I have the following regex:

(?<t>[^:=]*)(:(?<u>[^:=]*))?(:(?<v>[^:=]*))?=(?<value>.*)

Its purpose is to take input like AppSettings:Envionment:Other=Dev and parse it out. And it works great for that.

I now need to change it to parse out AppSettings__Envionment__Other=Dev. Replacing the single colon with a double underscore.

The problem with that is that the ^ operator works on one char only.

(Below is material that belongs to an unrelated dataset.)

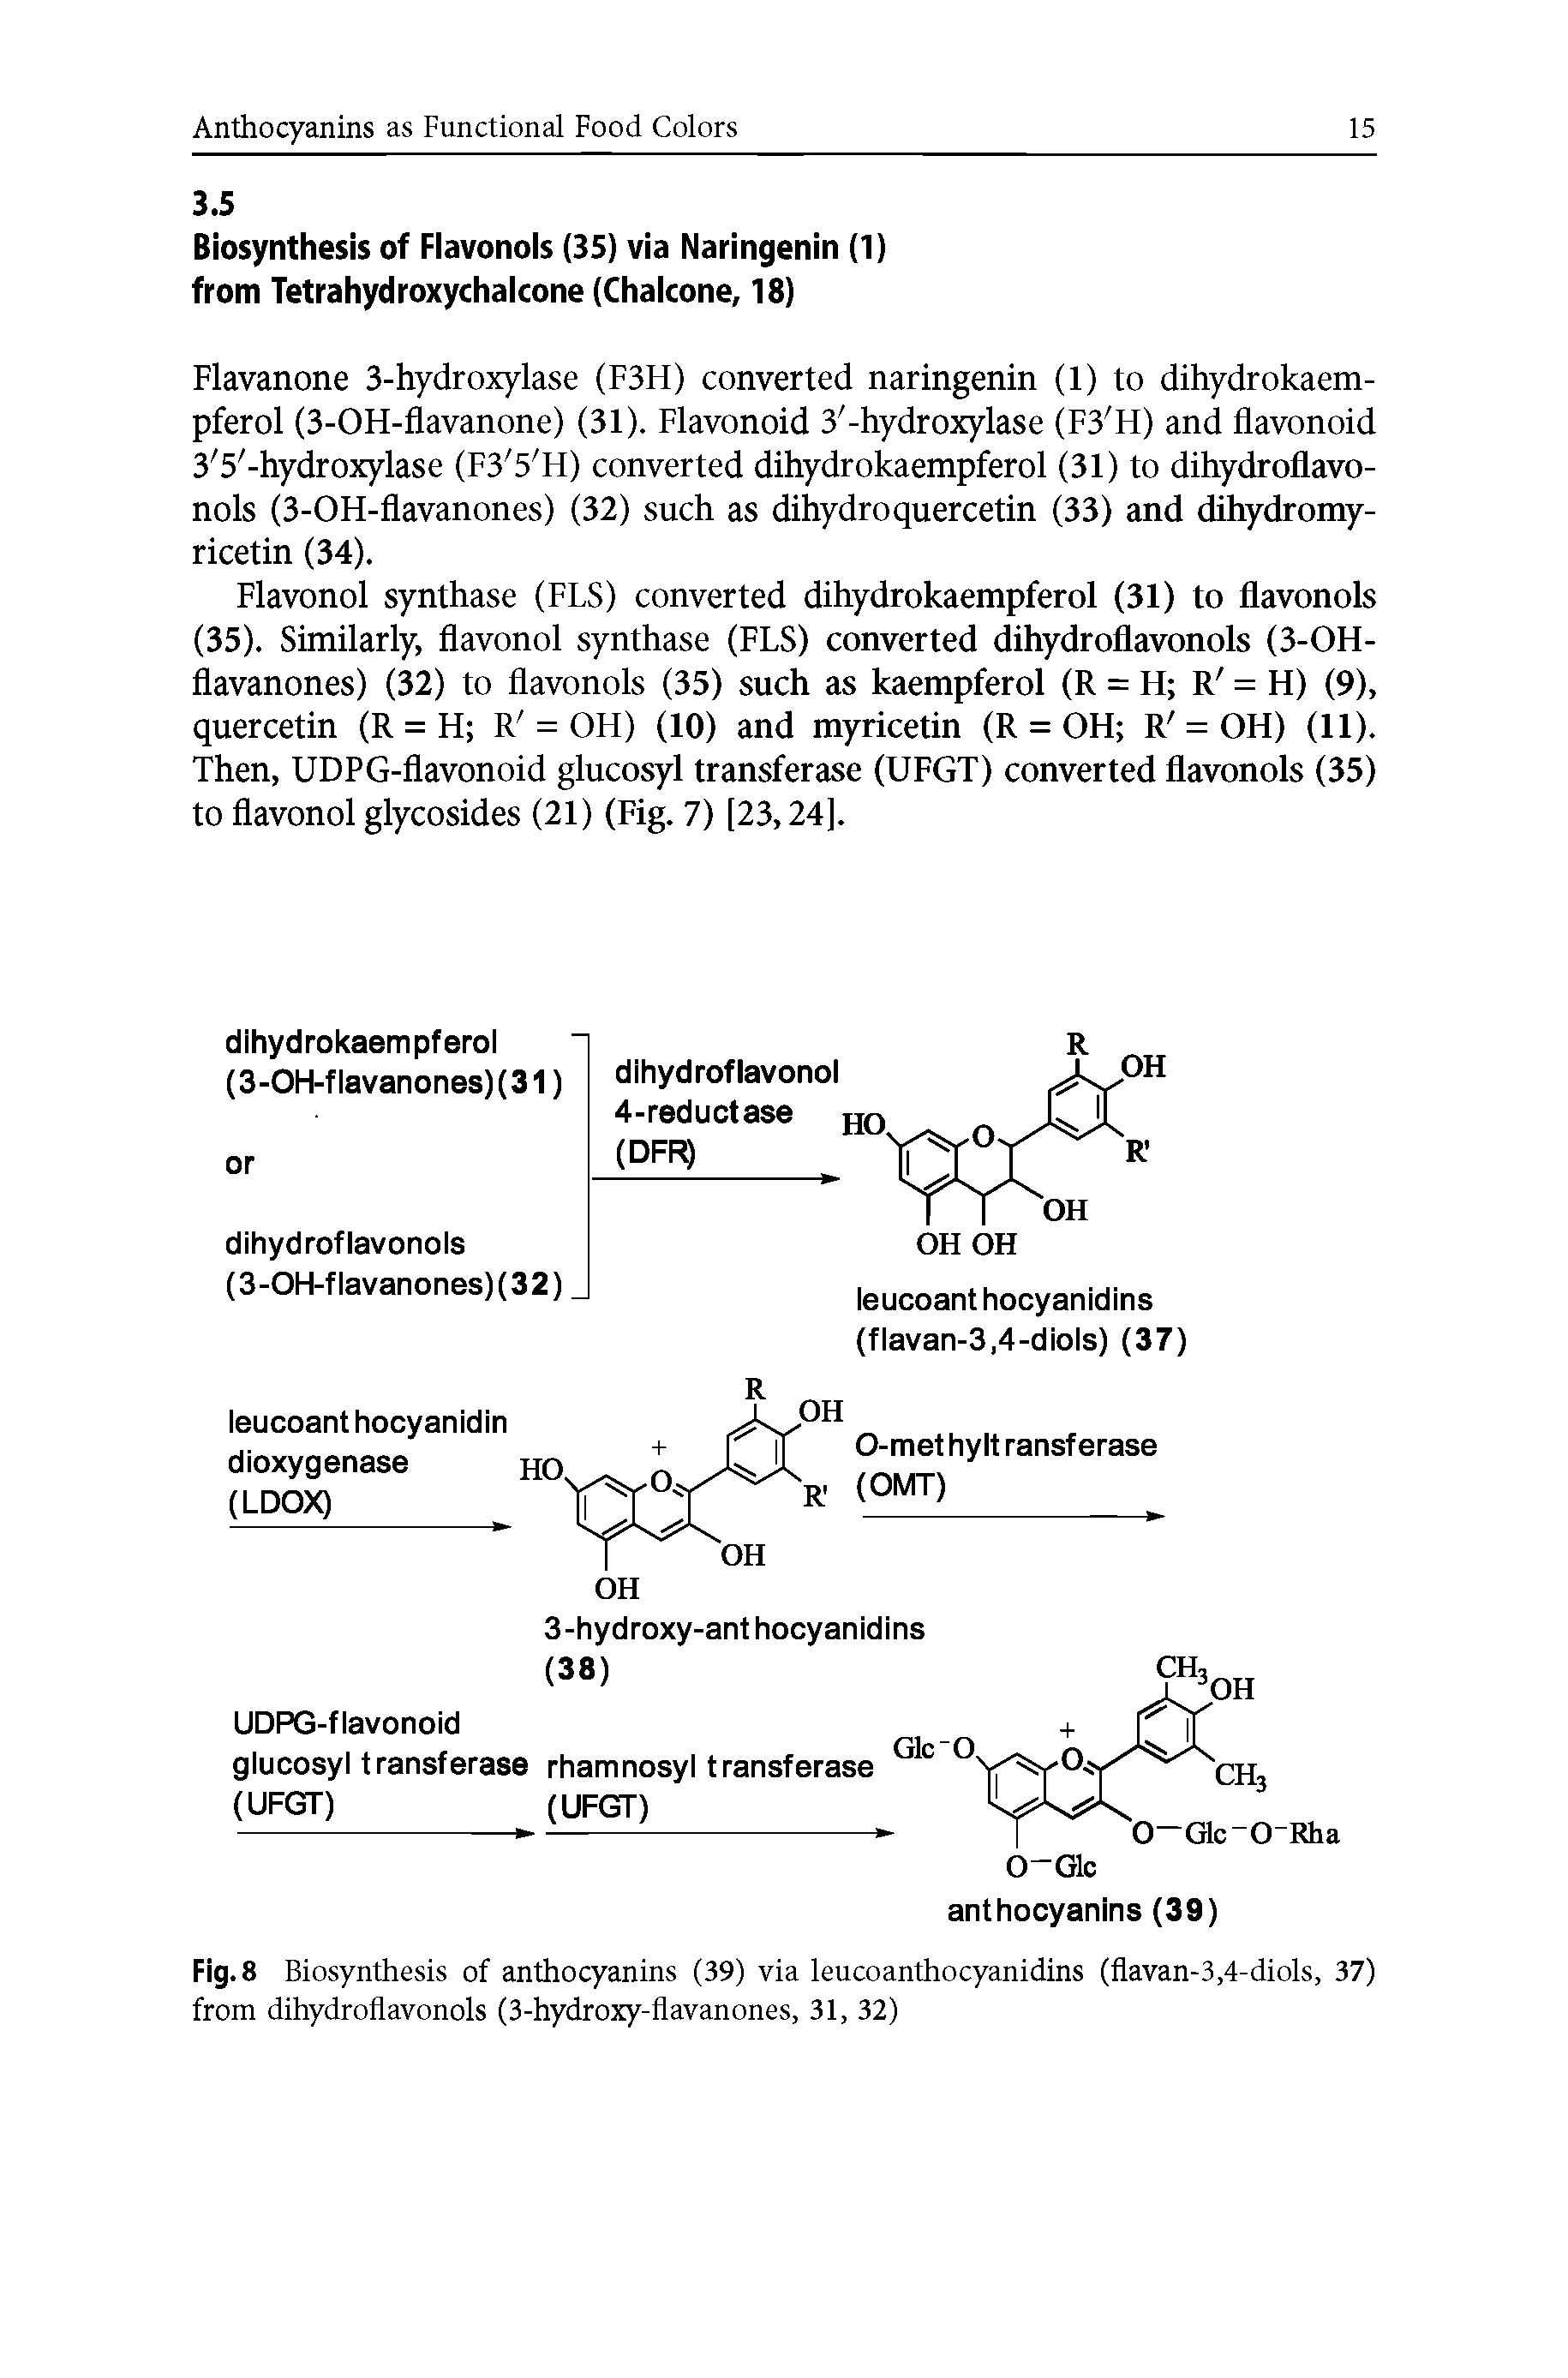 Fig. 8 Biosynthesis of anthocyanins (39) via leucoanthocyanidins (flavan-3,4-diols, 37) from dihydroflavonols (3-hydroxy-flavanones, 31, 32)...

In searching, I have found that when you need to match on several chars at a time you should use the negative lookahead feature (?!\_\_). I tried that out (temporarily taking out the need for an equal sign):

(?<t>(?!\_\_)*)(\_\_(?<u>(?!\_\_)*))?(\_\_(?<v>(?!\_\_)))

An input of AppSettings__Envionment__Other it did not get the captures right (t, u and v should be the words between the underscores).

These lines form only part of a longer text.